Can anyone help me understand Lagrange Multipliers?

1.6k Views Asked by At

I'm currently trying to understand the method of Lagrange Multipliers. The explanation I'm currently looking at says something along the lines of

"Suppose we wish to minimise the function $f(x,y)$ subject to the constraint $g(x,y)=0$, and that this minimum is the point $(x_{0}, y_{0})$. Then $\nabla f(x_{0}, y_{0})$ is the normal to the function $f$ at this point. Furthermore, the normal vectors of $f$ and $g$ are are parallel. Thus, $\nabla f(x_{0}, y_{0})=\lambda \nabla g(x_{0}, y_{0})$."

(Source: http://www.slimy.com/~steuard/teaching/tutorials/Lagrange.html)

I really don't understand why the normal vectors of $f$ and $g$ are are parallel, or how this gives rise to the equation $\nabla f(x_{0}, y_{0})=\lambda \nabla g(x_{0}, y_{0})$.

Could someone please explain this to me?

Many thanks.

2

There are 2 best solutions below

0
On

I’ve always thought of it in terms of differentials and tangent vectors instead of gradients. If $f(\mathbf P)$ has an extremum at the point $\mathbf P_0$ then $\mathrm df_{\mathbf P_0}(\mathbf v)=0$ for any vector $\mathbf v$ that’s tangent to the curve $g(\mathbf P)=\text{constant}$. This is a level curve of $g$, so $\mathbf v$ also satisfies $\mathrm dg(\mathbf v)=0$. That means that at $\mathbf P_0$, $\mathrm df_{\mathbf P_0}$ must be a multiple of $\mathrm dg_{\mathbf P_0}$, say $\mathrm df=\lambda\mathrm dg$.

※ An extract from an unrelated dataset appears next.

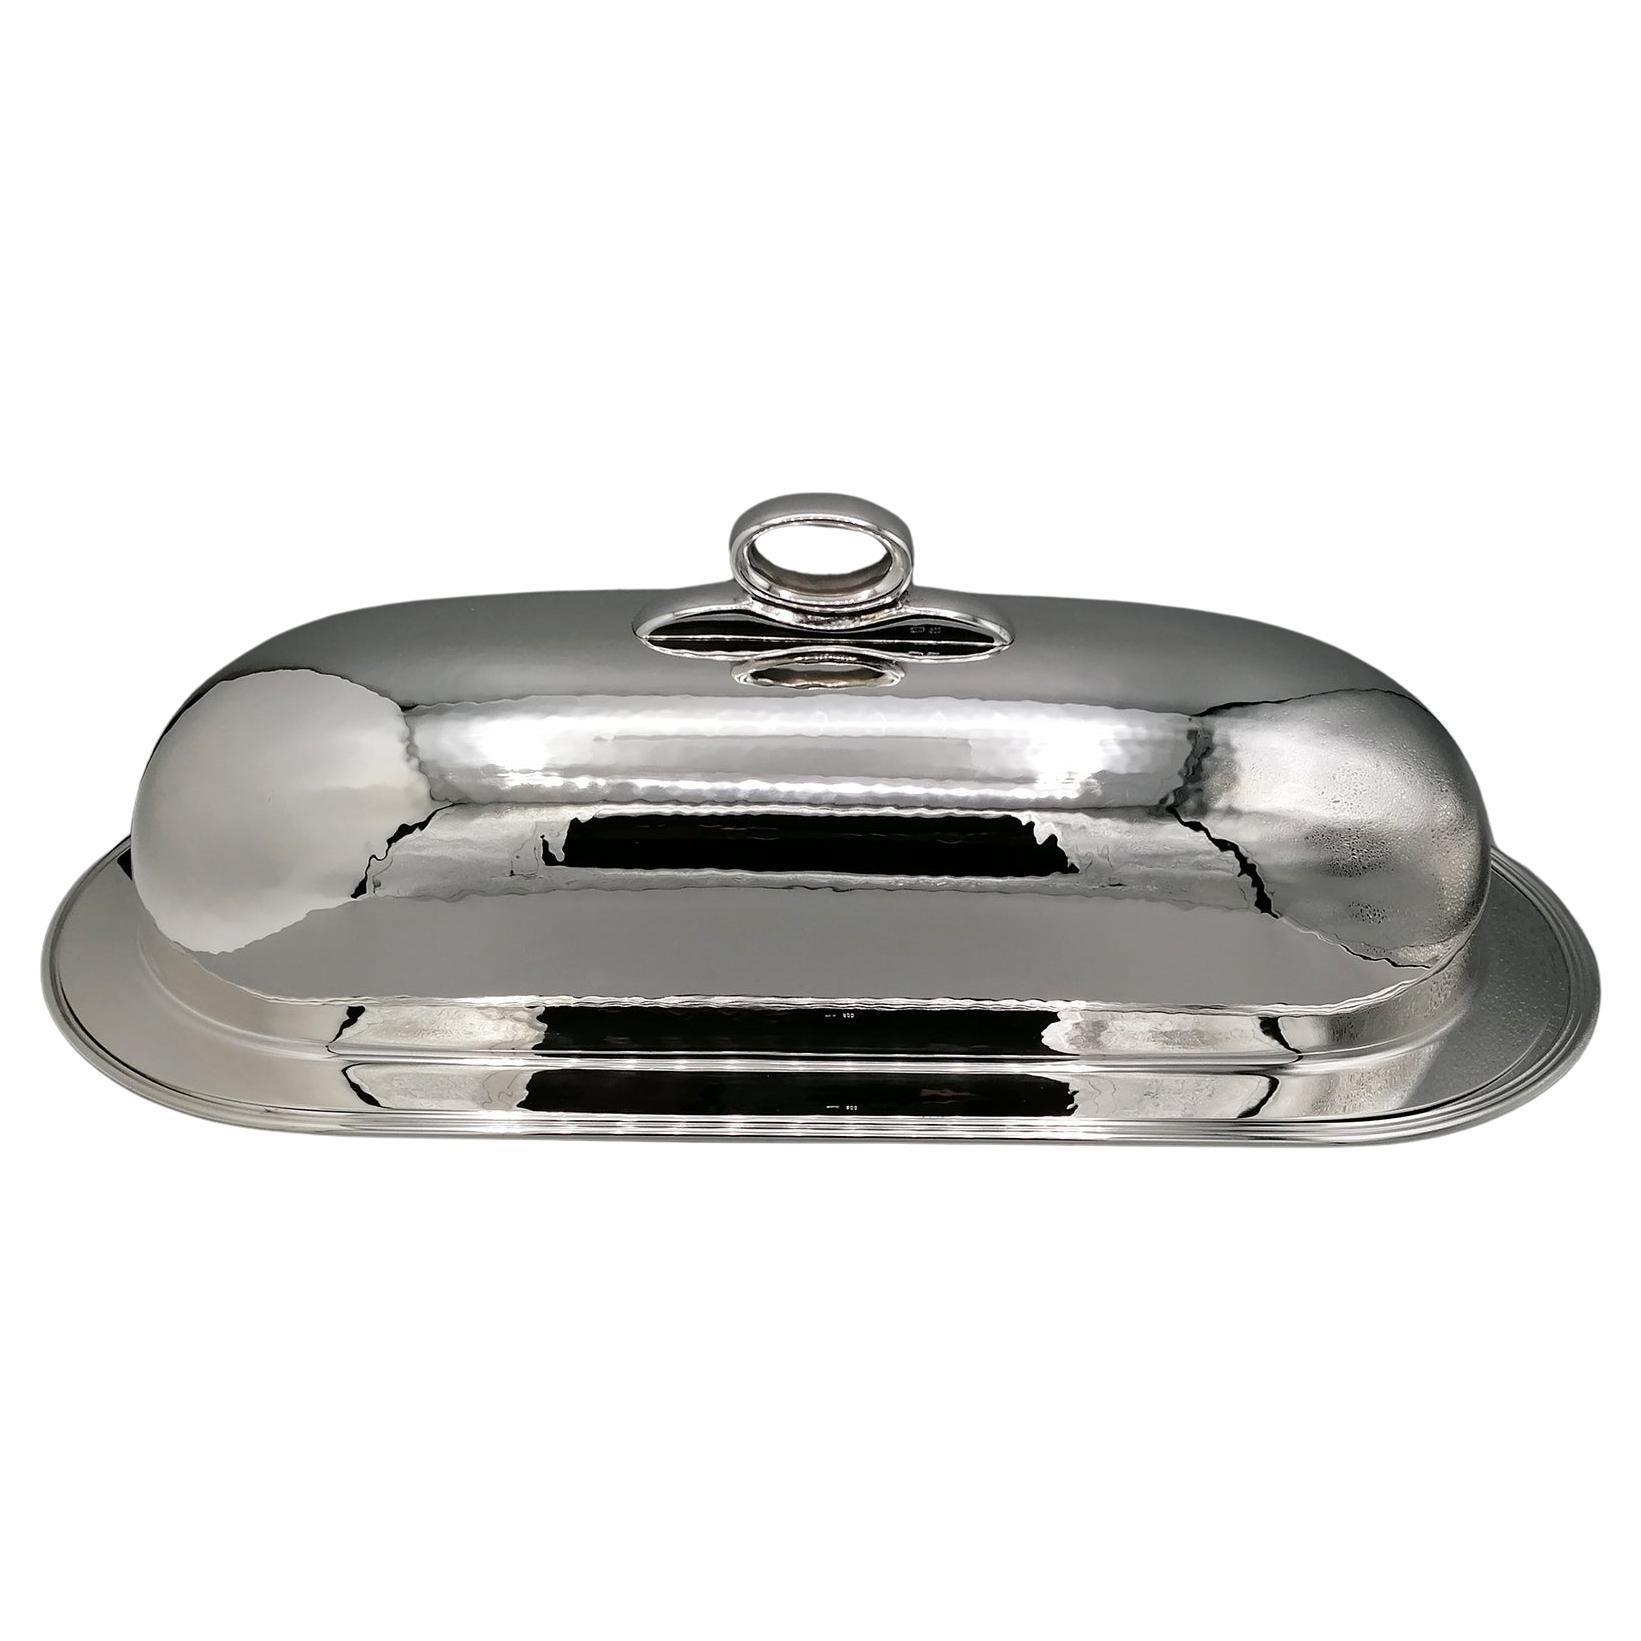 Italie Solid Silver 800 Meet dish with lid For Sale

This translates pretty directly to gradients, which are orthogonal to tangents. The gradient of a function is always normal to its level curves, so $\nabla g$ is everywhere normal to the constraint curve $g(x,y)=0$. Now, the gradient of $f$ at a point gives the direction of fastest increase. The amount of change in other directions is $\nabla f\cdot\mathbf u$, where $\mathbf u$ is a unit vector that specifies the direction. That dot product is $0$ when $\mathbf u$ is orthogonal to $\nabla f$. So, for $f$’s value along some curve to be stationary (i.e., have a local extremum) at some point, $\nabla f$ must be normal to the curve there, i.e., parallel to $\nabla g$. This means that it must be some scalar multiple of $g$’s gradient, i.e., $\nabla f=\lambda\nabla g$.

2
On

$\vec \nabla f$ is not normal to the function $f$ , it is normal to a curve of constant $f$ -

more precisely $\vec \nabla f(x_0, y_0)$ is perpendicular to the tangent line to the curve defined by $f(x_0, y_0)=\text{Const.}$ at the point $(x_0, y_0)$

Lagrange multipliers deals with the situation in which you want to find the extrema of a function $f$ constrained to a curve of constant $g$

When you are constraint to a curve of constant $g$ you must always move in the direction of the tangent to the curve $g=$Const. - which is perpendicular to $\vec \nabla g$

To have a constrained extrema it must be true that the directional derivative of $f$ in the direction of the tangent plane to the constraining surface must vanish. This means that $\vec \nabla f$ must also be perpendicular to the curve $g=$Const.

Since both $\vec \nabla f$ and $\vec \nabla g$ are perpendicular to the same line, they must be parallel to each other

So $\vec \nabla f = \lambda \vec \nabla g$